6. If a standalone (i.e., algorithm only without human-in-the-loop performance) was done

• Yes, this is a standalone device. The ORGENTEC Anti-MCV® EIA is an enzyme immunoassay designed for direct measurement of autoantibodies in human serum. Its performance is reported intrinsically, independent of human interpretation other than following the assay protocol and reading the quantitative results. The results are then used as an aid in diagnosis in conjunction with other laboratory and clinical findings, indicating a human physician integrates the results.

7. The type of ground truth used (expert consensus, pathology, outcomes data, etc.)

• The ground truth for the clinical studies was based on clinical diagnosis of Rheumatoid Arthritis derived from "clinically diagnosed patients" and "presumed normal" individuals. For specificity, "other arthritic and autoimmune disease conditions" were also used. This implies diagnosis by medical professionals based on established diagnostic criteria, without explicitly stating "expert consensus" or "pathology" as the direct ground truth for each case. For comparison studies, the predicate device results were used as a comparative measure.

8. The sample size for the training set

• The documentation does not explicitly mention a "training set" in the context of an algorithm or AI model development. This is an ELISA kit, for which "training set" typically refers to internal development and optimization panels, not a dataset for an AI algorithm. The closest equivalent would be the development of the assay's cut-off and performance characteristics based on various sample populations (e.g., 209 assumed normal blood donor samples for cut-off determination).
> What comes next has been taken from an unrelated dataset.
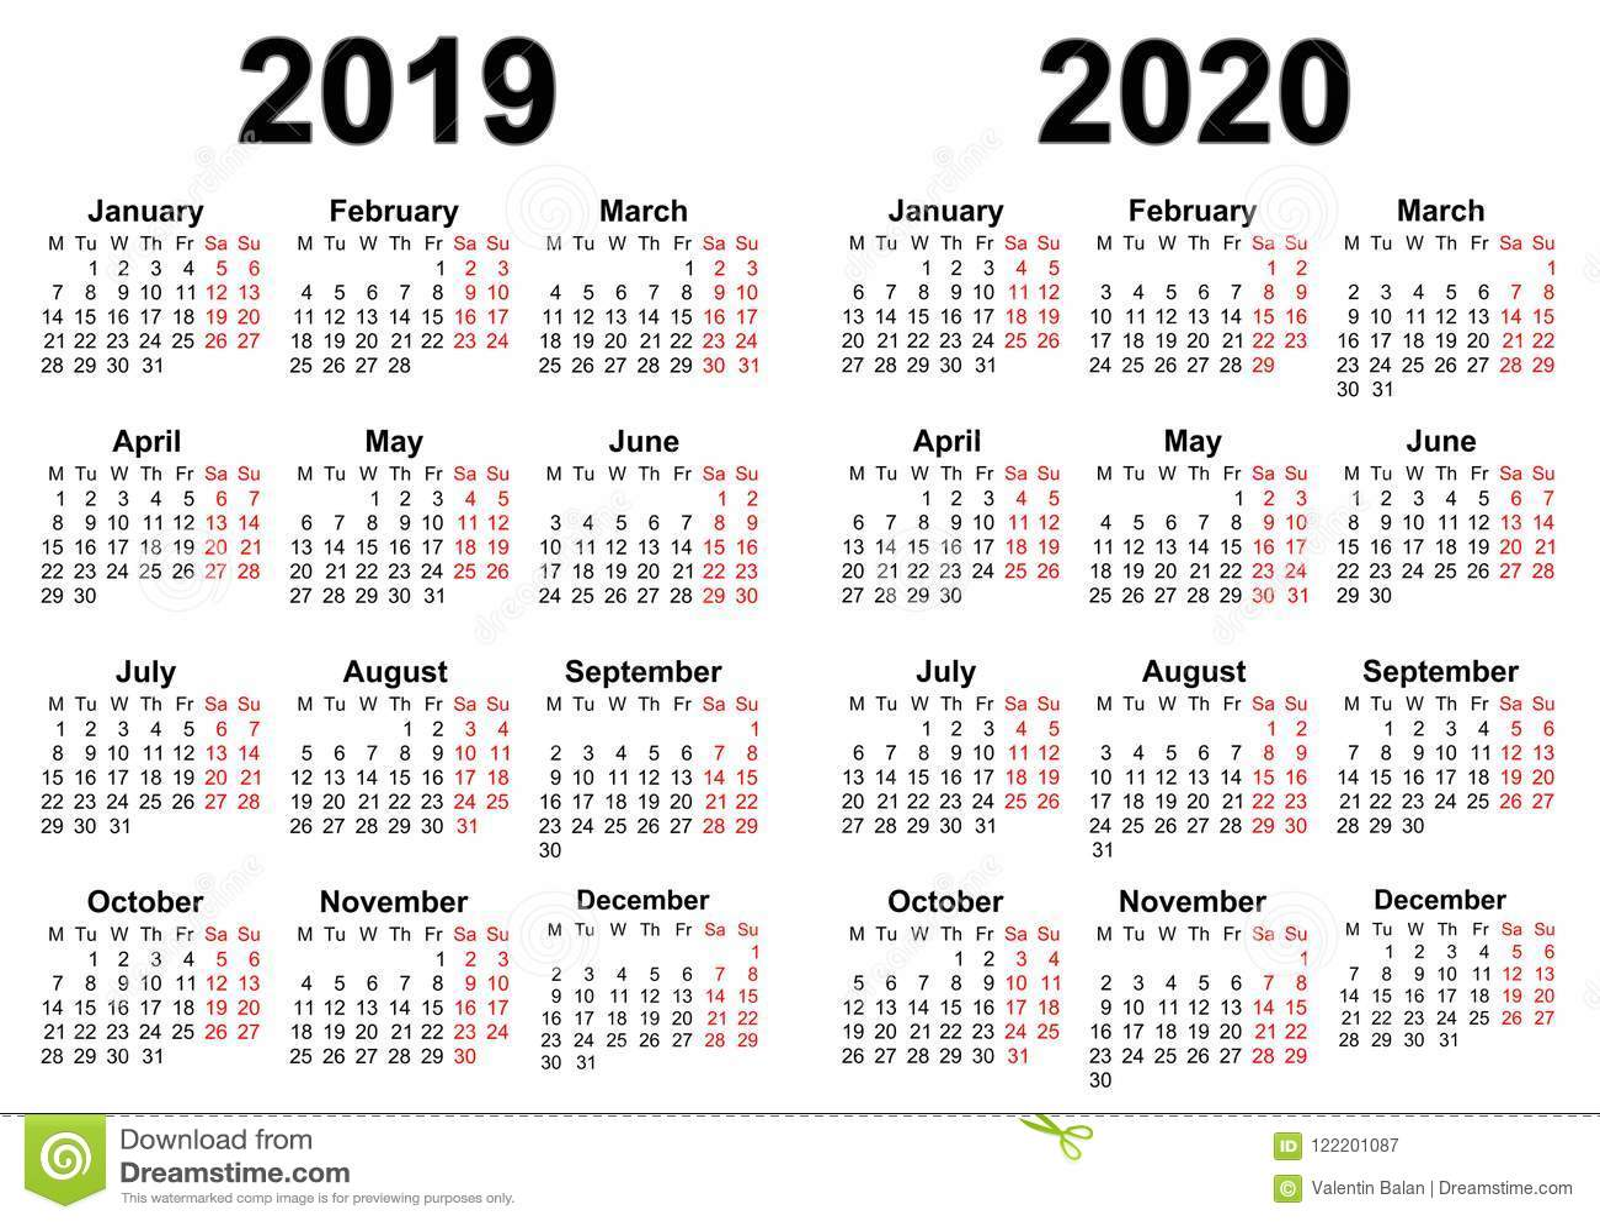 Календарь на 2019 и 2020

9. How the ground truth for the training set was established

• As above, there is no explicit "training set" in the AI sense. However, for establishing the normal range and cut-off for the assay, 209 "assumed normal blood donor samples" were used. The ground truth for these samples was their classification as "assumed normal," which is a form of clinical classification based on health status. The cut-off of > 20 U/mL was determined based on the mean + 3 Standard Deviations of these normal samples, aiming for a high specificity (99.5% for normals) at that threshold.